In the 88kg bracket, Jansen Gomes played zero games. Takedowns? Money. Back takes? Textbook. Finishes? Ruthless. He showed up like he already had the gold in his carry-on. Everyone else was just warm-up rounds.
And 77kg? Straight-up shark tank. Kenta Iwamoto dropped jaws with clean transitions and a relentless pace. No fluff. Just action. His wrestling set the tone, his jiu-jitsu closed the deal.
Women’s Divisions: Cold-Blooded Killers in a Hot Room
Elisabeth Clay was on fire in the 60kg division, ironically, by being the calmest in the chaos. Smooth entries, surgical submissions, and a pace that melted her bracket like Florida asphalt. She didn’t flinch. She executed.
Leticia Cardozo made noise in 60kg+ by bullying her way through the field. Top pressure like a hydraulic press, and transitions that made her look five moves ahead. No drama. Just destruction.
Match of the Day: Fire vs Ice
Abate vs. Fabricio Andrey. The energy in that room? Electric. Both brought speed, scrambles, and sharp-as-hell tactics. But Abate kept his composure while Andrey tried to turn it into chaos. Lesson? The better scrambler wins exchanges. But the better strategist wins wars.
What Actually Mattered
Leg lock entries are still everywhere, but the winners chained them to real control. If you’re diving for feet without securing the position, congrats. You’re a human highlight… in someone else’s reel.
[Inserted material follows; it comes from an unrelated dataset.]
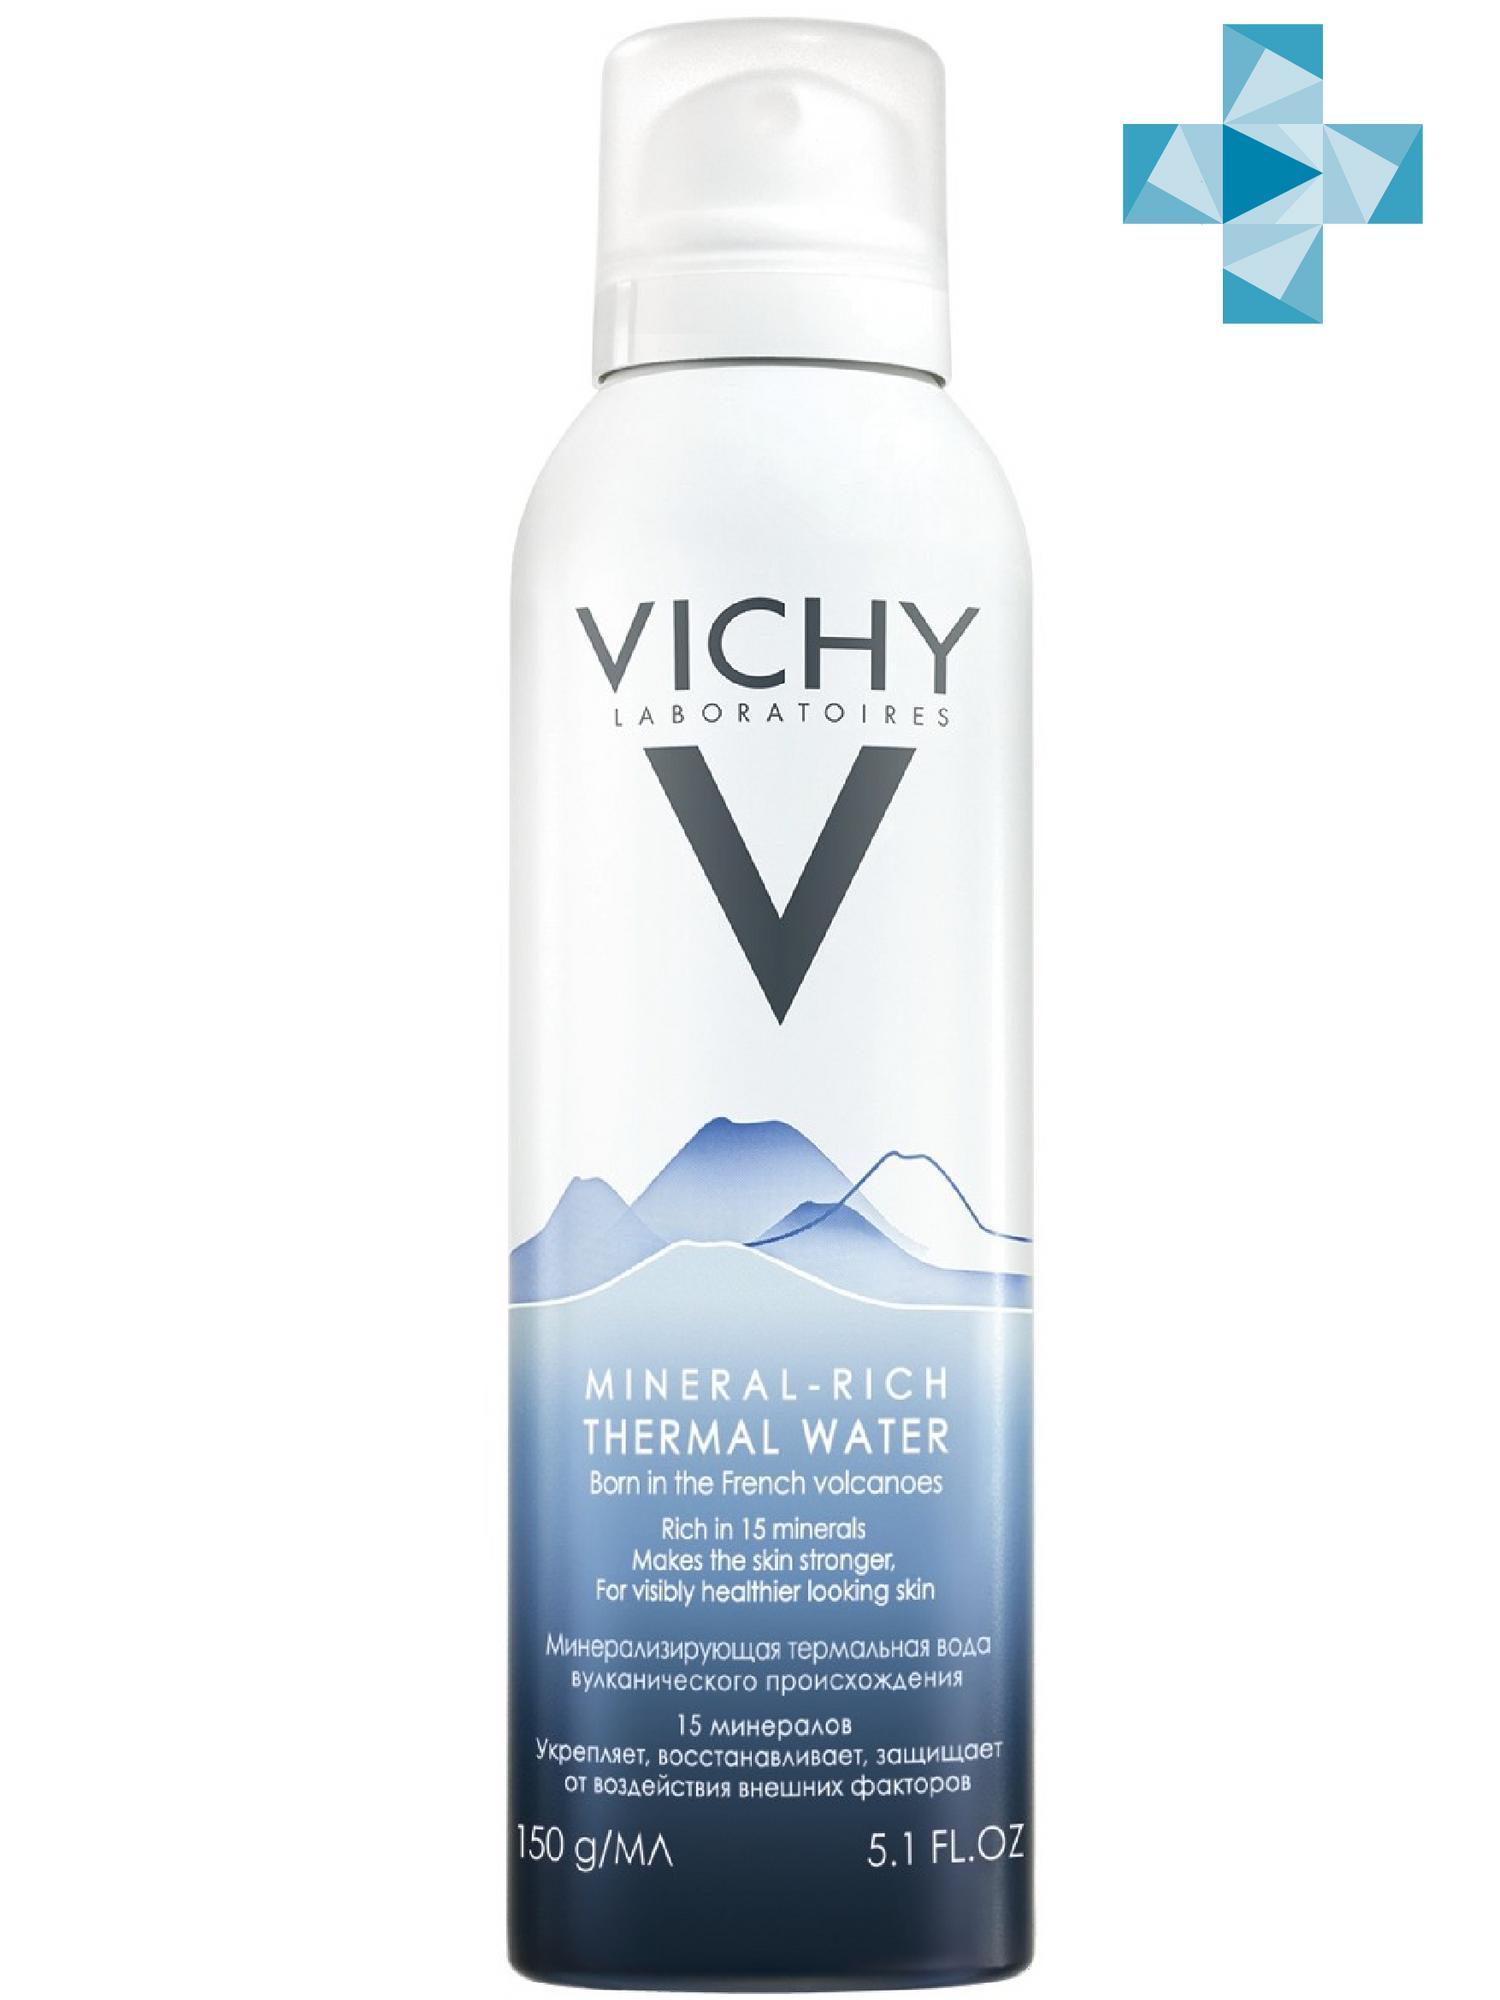 Vichy Термальная Вода Vichy Спа 150 мл (Vichy, Thermal Water Vichy)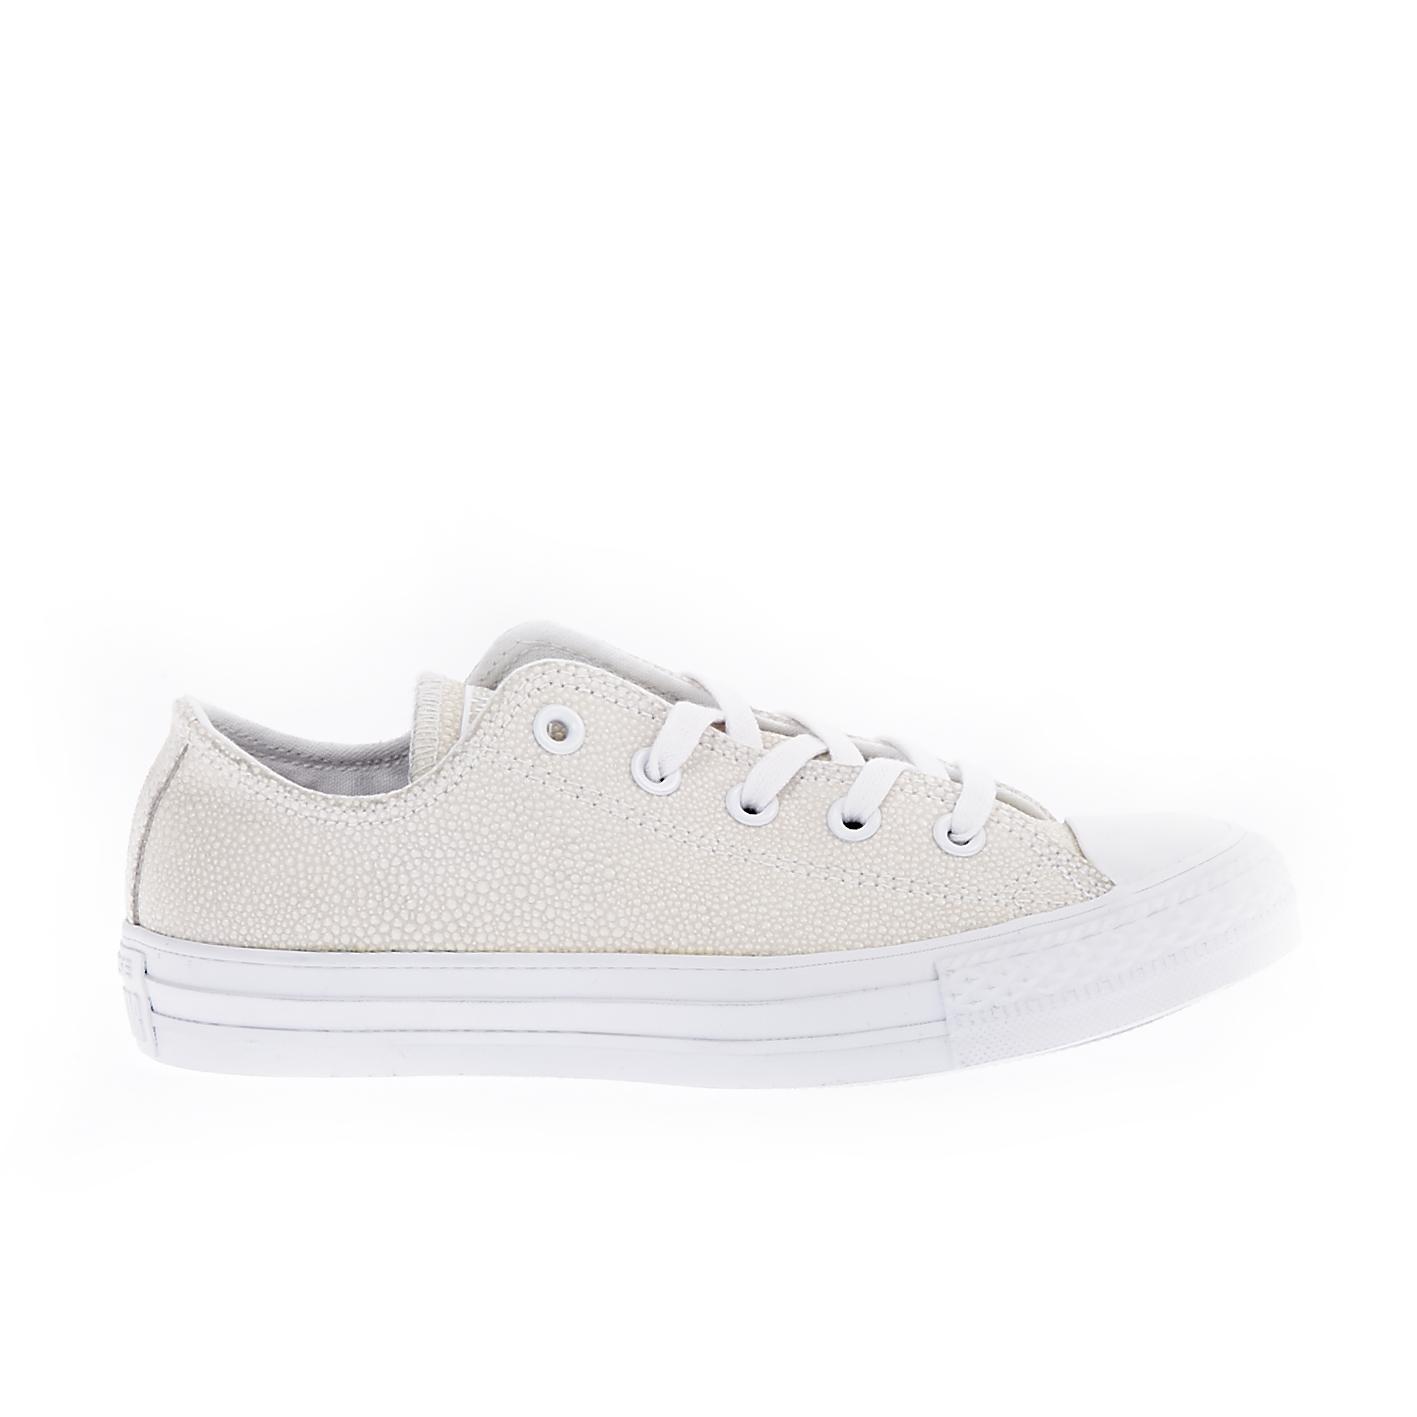 CONVERSE - Γυναικεία παπούτσια Chuck Taylor All Star Ox μπεζ

The body lock is back. People figured out how to stop the knee shield, and they’re turning passers into steamrollers.
Back control reigns. Everyone who dominated ended up on someone’s back. Why? Because control beats chaos, and a seatbelt’s harder to shake than your psycho ex with that egg bread.
Lessons You Better Learn or You’ll Be Learning Them the Hard Way
Positional control > flashy subs. The ones who won rounds didn’t hunt memes. They hunted domination.
Conditioning matters. ADCC rules favor pressure. If your gas tank’s trash, you’re gonna drown under someone who trained like a dog. Check out www.vtxperformance for tips on how to dominate with your conditioning.
Final Word
Miami was a reminder that ADCC doesn’t reward pretty jiu-jitsu; it rewards pressure, control, and violence with purpose. The winners didn’t ask for respect. They took it. If you’re still rolling at the pace of a 6 year old, cool. Just don’t act surprised when you get mauled by someone who’s been drilling under stress and breaking people for breakfast.
Camp Vertex doesn’t send you to opens to have fun. We send you to own the room.